A study involving nutrient balances and radioisotope labeling techniques was undertaken to study energy and protein metabolism, and glucose kinetics of female crossbred Etawah goats, using 12 weaned (BW $14.0{\pm}2.0kg$), 12 late pregnant (BW $27.8{\pm}1.8kg$) and 12 first lactation does (BW $25.0{\pm}5.0kg$). Each class of animal was randomly allotted into 3 dietary treatment groups R1, R2 and R3, that received 100%, 85%, and 70% of ad libitum feed.

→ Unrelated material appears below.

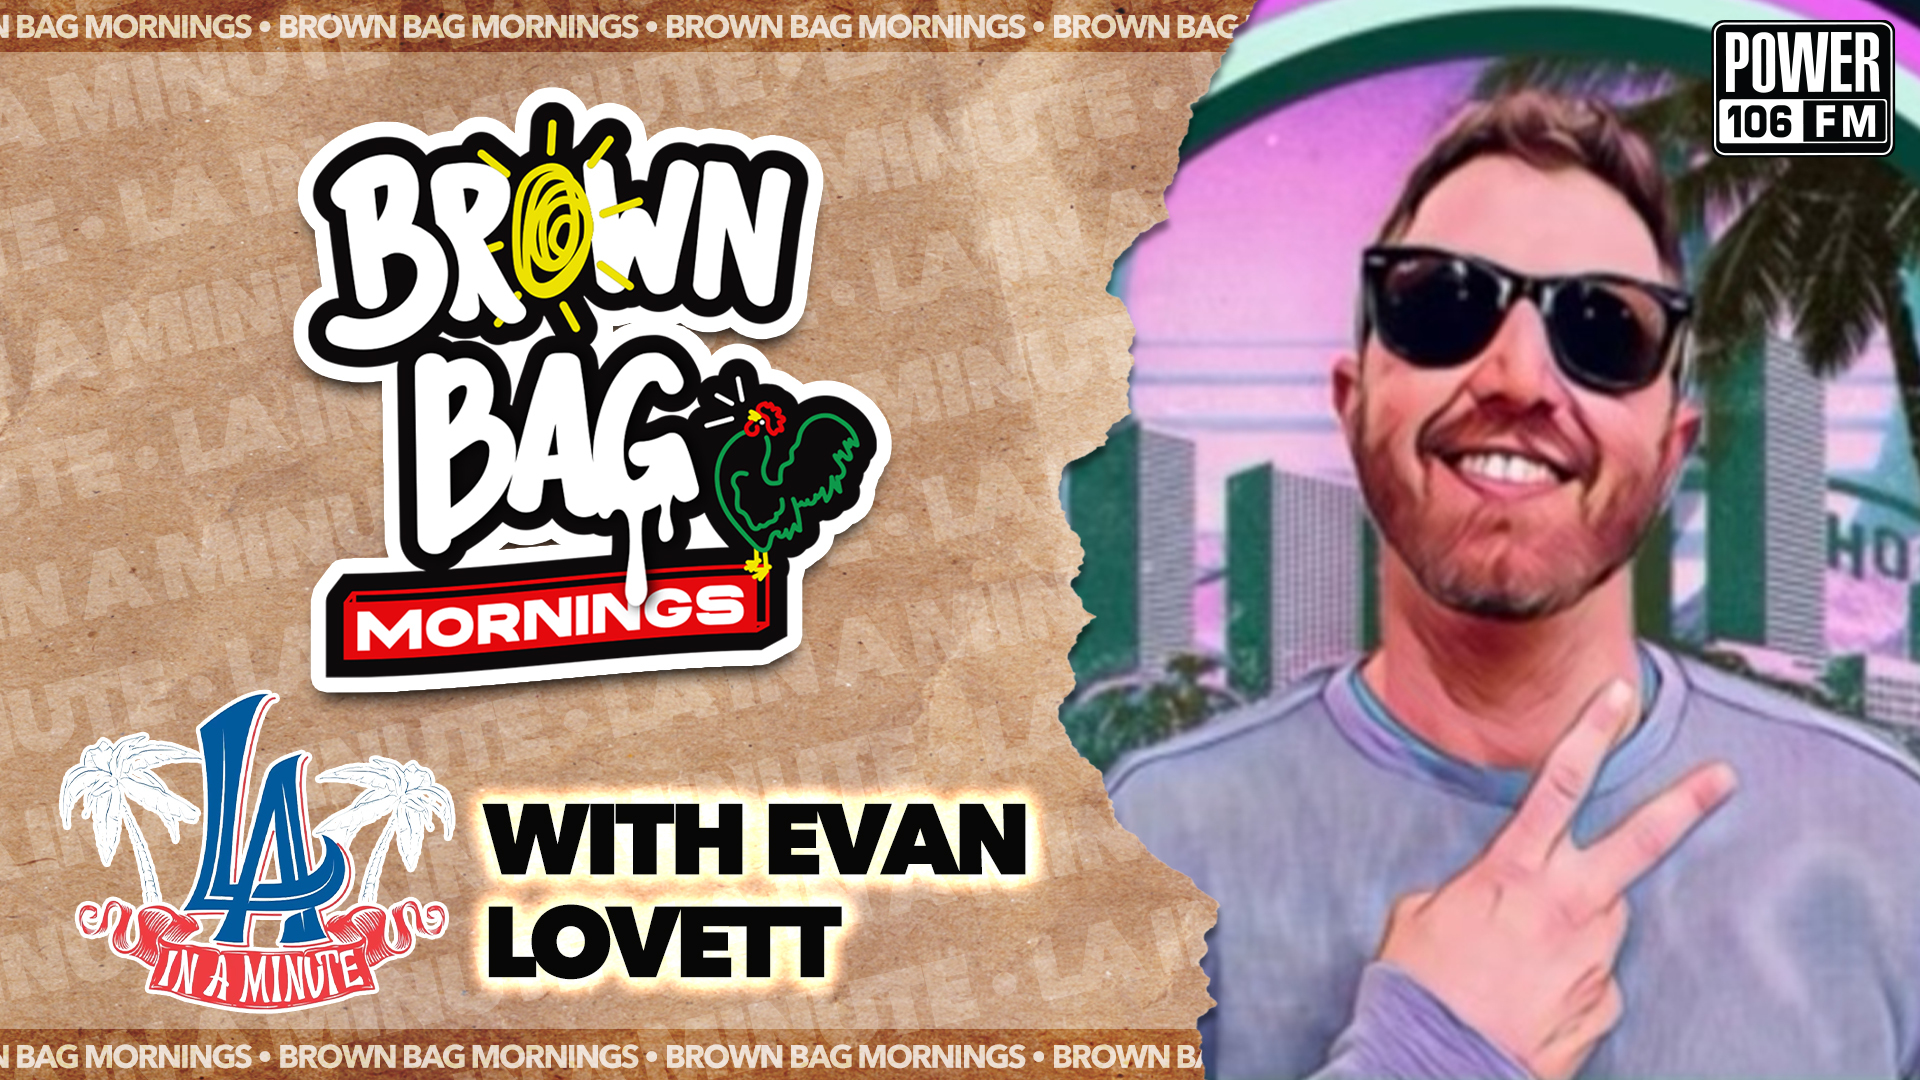 Evan Lovett Joins Power 106’s Brown Bag Mornings to Celebrate “LA in a Minute”
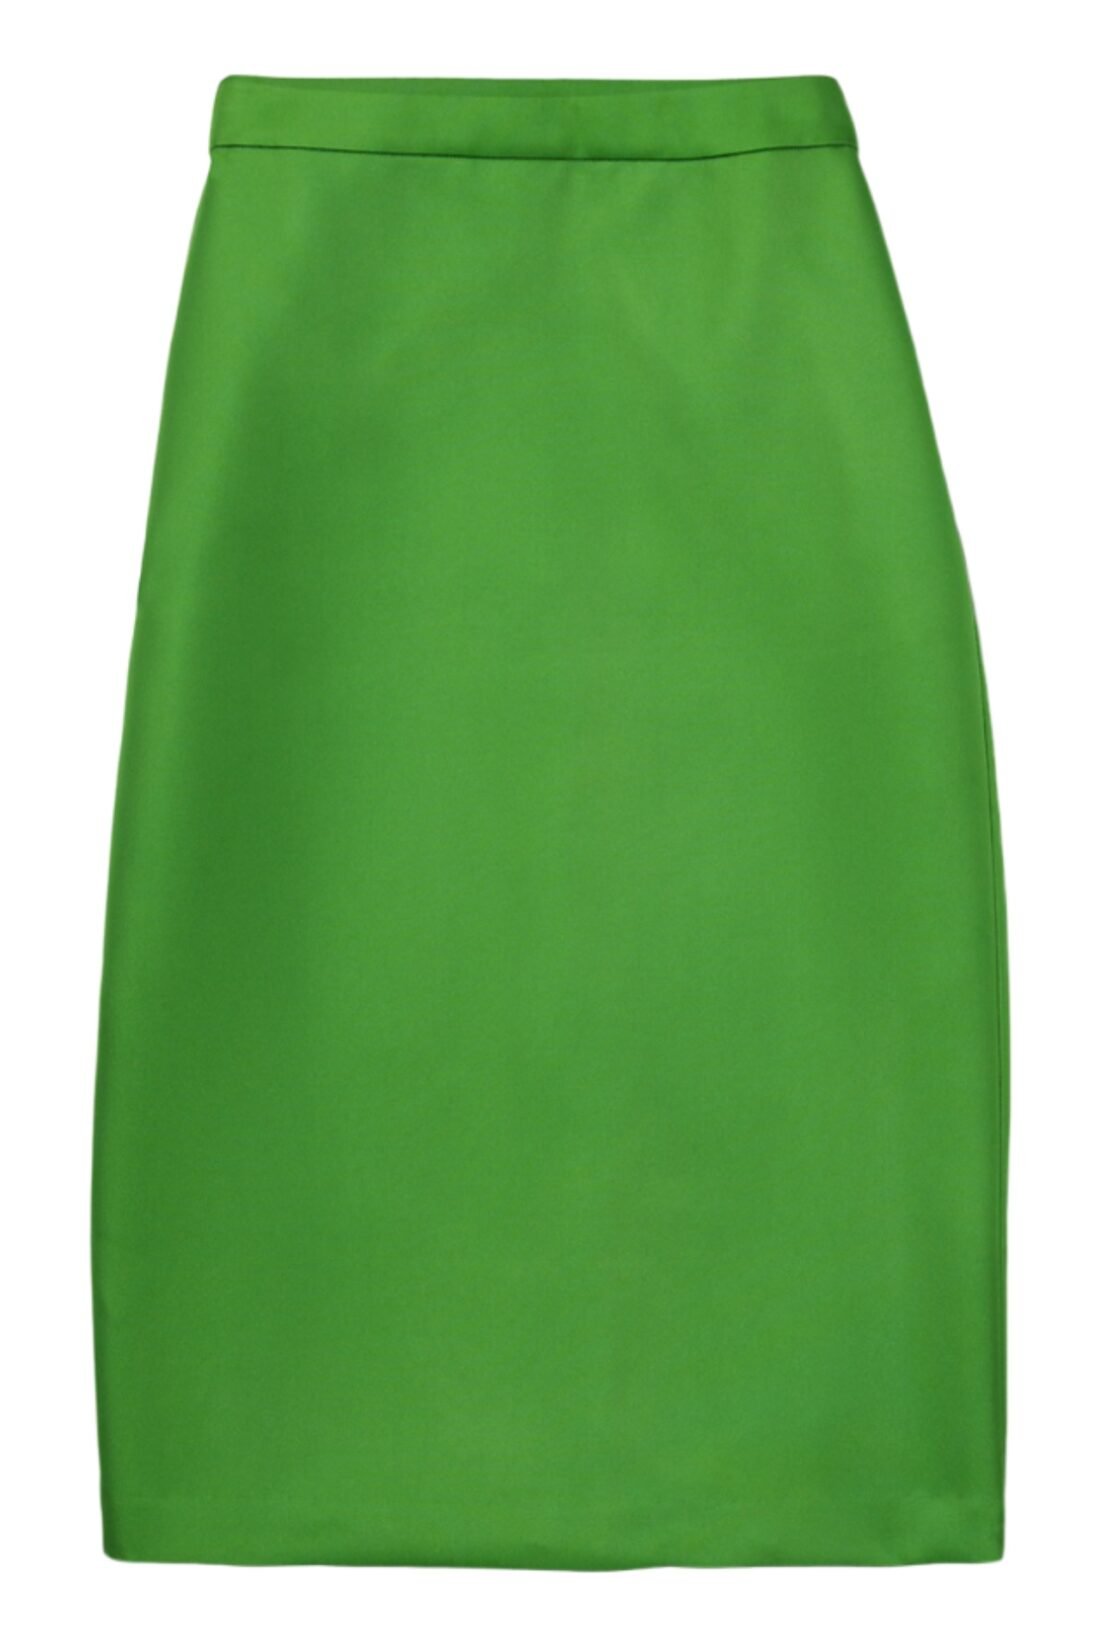 Green Satin Pencil Skirt

The rations offered were pellets containing 21.8% CP and 19.3 MJ GE/kg, except for the lactating does who received pellets (17.2% CP and 18.9 MJ GE/kg) and fresh Penisetum purpureum grass. Energy and nitrogen balance studies were conducted during a two-week trial. Daily heat production (HP, estimated by the carbon dioxide entry rate technique), glucose pool and flux were measured. Equations were found for metabolizable energy (ME) and protein intake (IP) requirements for growing goats: ME (MJ/d)=1.87+0.55 RE-0.001 ADG+0.044 RP $(R^2=0.89)$ and IP (g/d)=48.47+2.99 RE+0.029 ADG+0.79 RP $(R^2=0.90)$; for pregnant does: ME (MJ/d)=5.92+0.96 RE-0.002 ADG+0.003 RP $(R^2=0.99)$ and IP (g/d)=58.34+5.41 RE+0.625 ADG-0.30 RP $(R^2=0.98)$; and for lactating does: ME (MJ/d)=4.23+0.713 RE+0.003 ADG+0.006 RP+0.002 MY $(R^2=0.86)$; IP (g/d)=84.05-5.36 RE+0.055 ADG-0.16 RP+0.068 MY $(R^2=0.45)$, where RE is retained energy (MJ/d), ADG is average daily gain in weight (g/d), RP is retained protein (g/d) and MY is milk yield (ml/d). ME and IP requirements for maintenance for growing goats were 0.46 MJ/d.kg $BW^{0.75}$ and 7.43 g/d.kg $BW^{0.75}$, respectively. Values for the pregnant and lactating does were in the same order, 0.55 MJ/d.kg $BW^{0.75}$ and 11.7 g/d.kg $BW^{0.75}$, and 0.50 MJ/d.kg $BW^{0.75}$ and 10.8 g/d.kg $BW^{0.75}$, respectively. Milk protein ranged from 3.06 to 3.5% and milk fat averaged 5.2%. Glucose metabolism in Etawah crossbred female goat is active, but glucose flux is low compared to temperate ruminant breeds which may implicate its role to support production.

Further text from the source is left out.